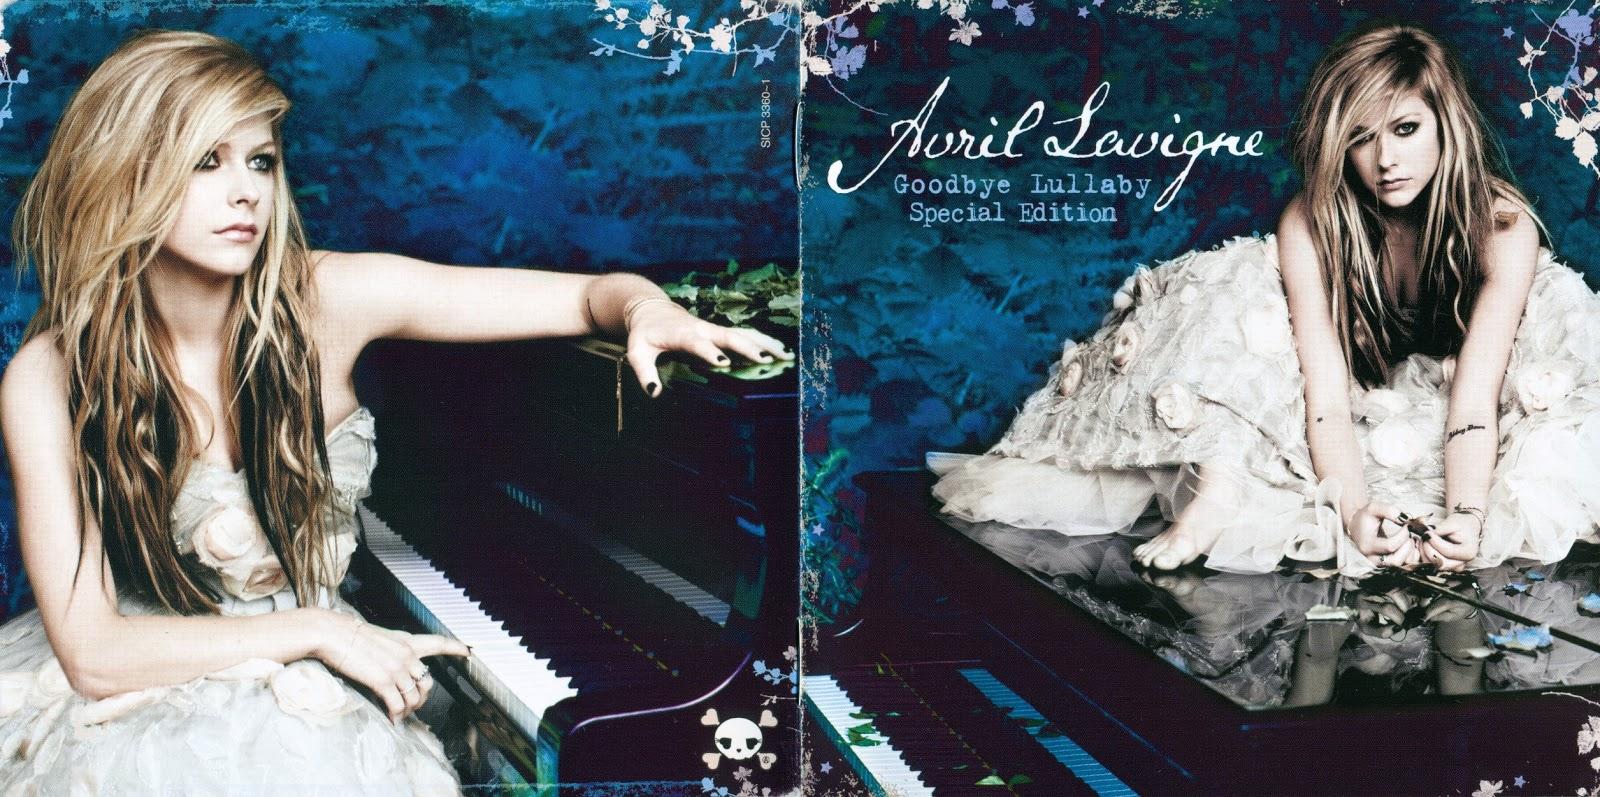 Avril Lavigne - Goodbye Lullaby - http://www.megaupload.com/?d ...
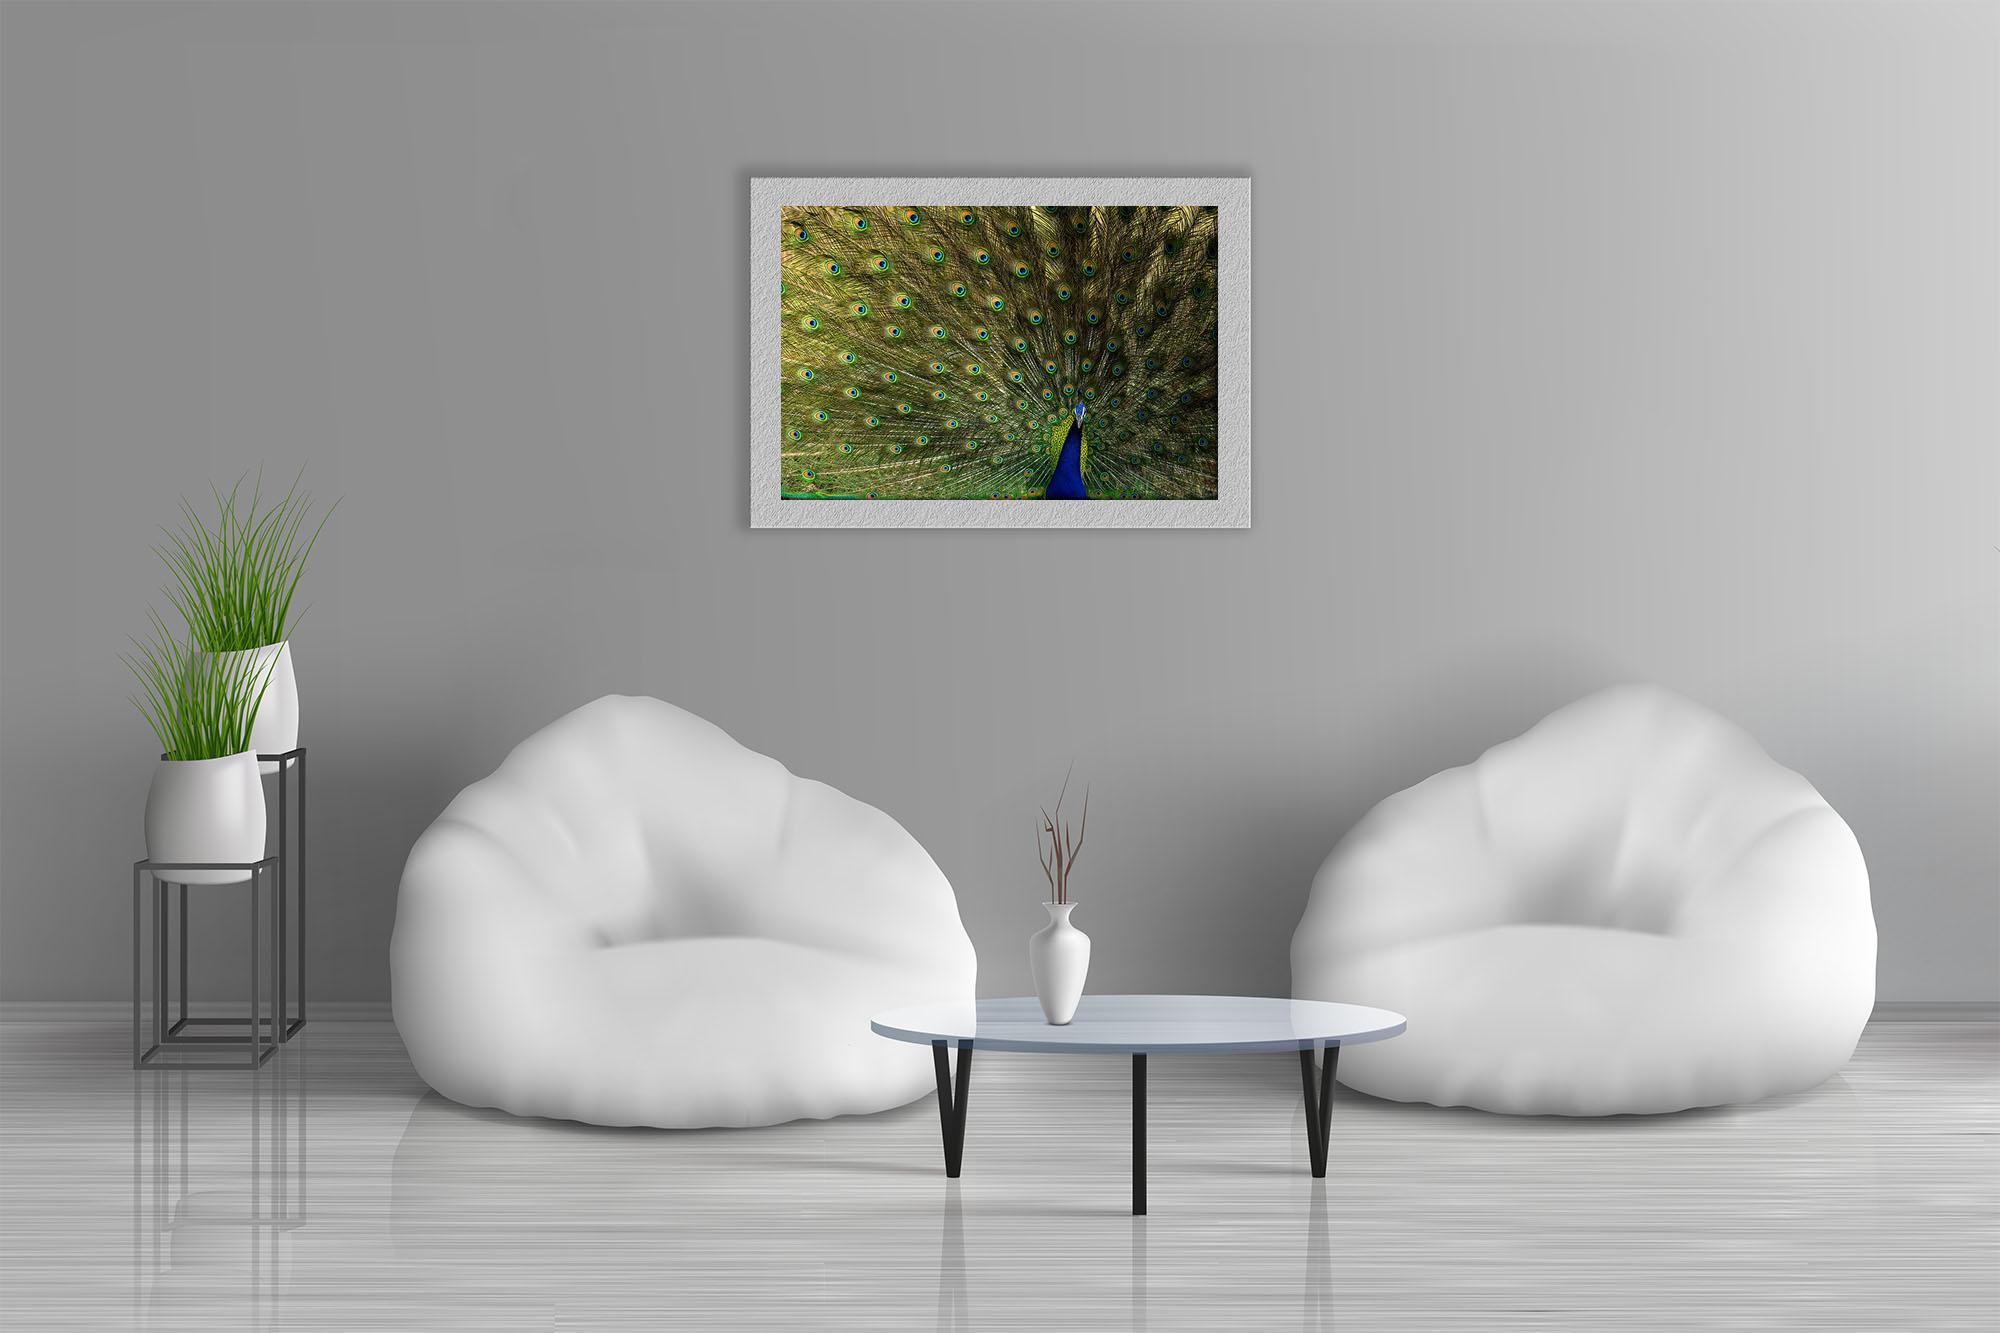 Indian peafowl by Abhilash Kar
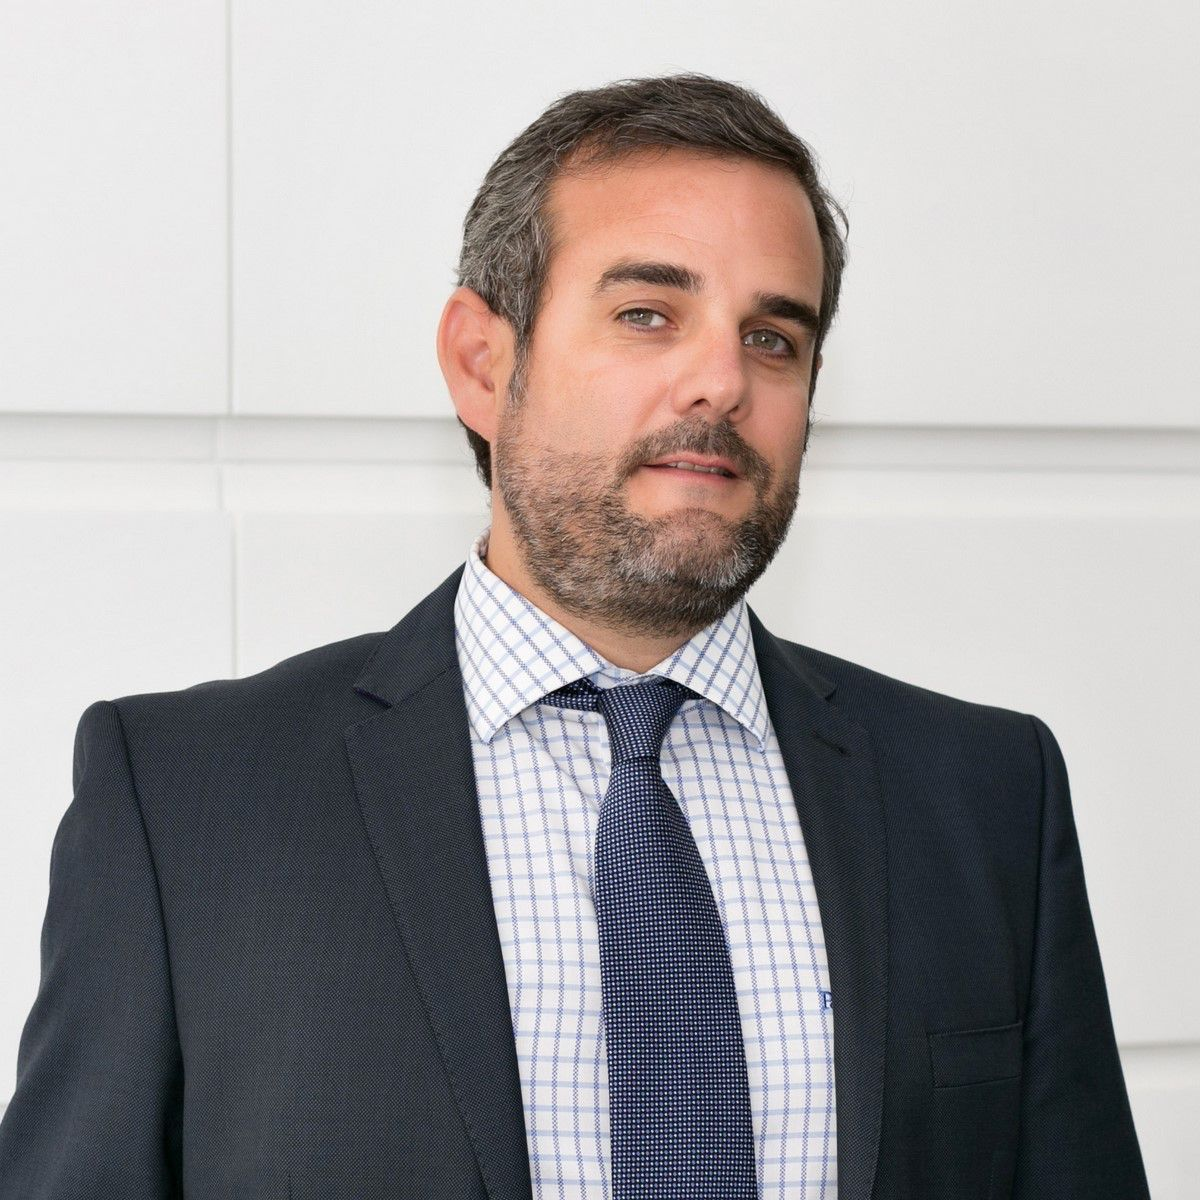 ALBERTO APRELL SANCHEZ
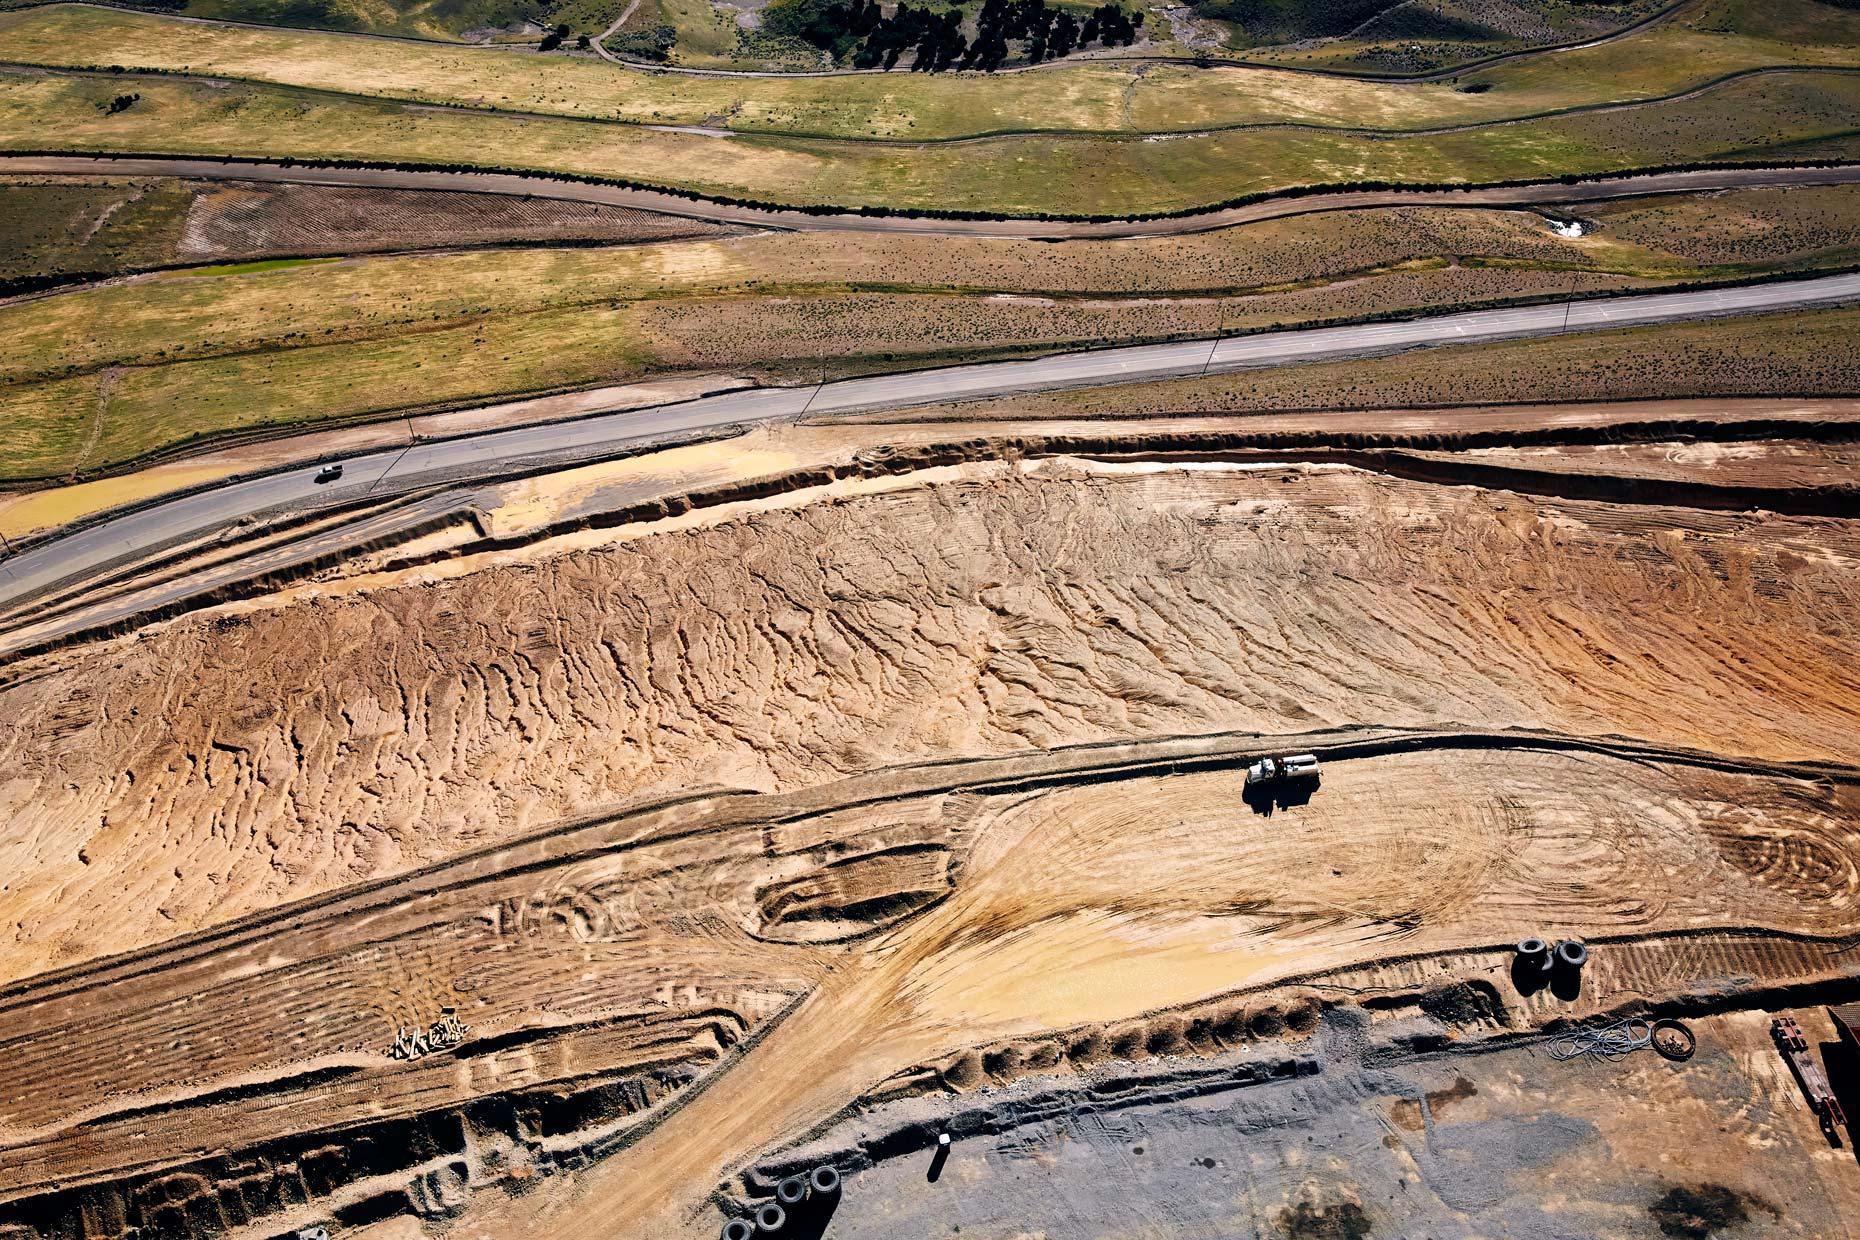 Aerial Photography Kennecott Mining

- - - -

Each line from the line containing "Indian peafowl by Abhilash Kar" through the last line above must be written out exactly, and every picture must be omitted.

 Indian peafowl by Abhilash Kar
 ALBERTO APRELL SANCHEZ
 Aerial Photography Kennecott Mining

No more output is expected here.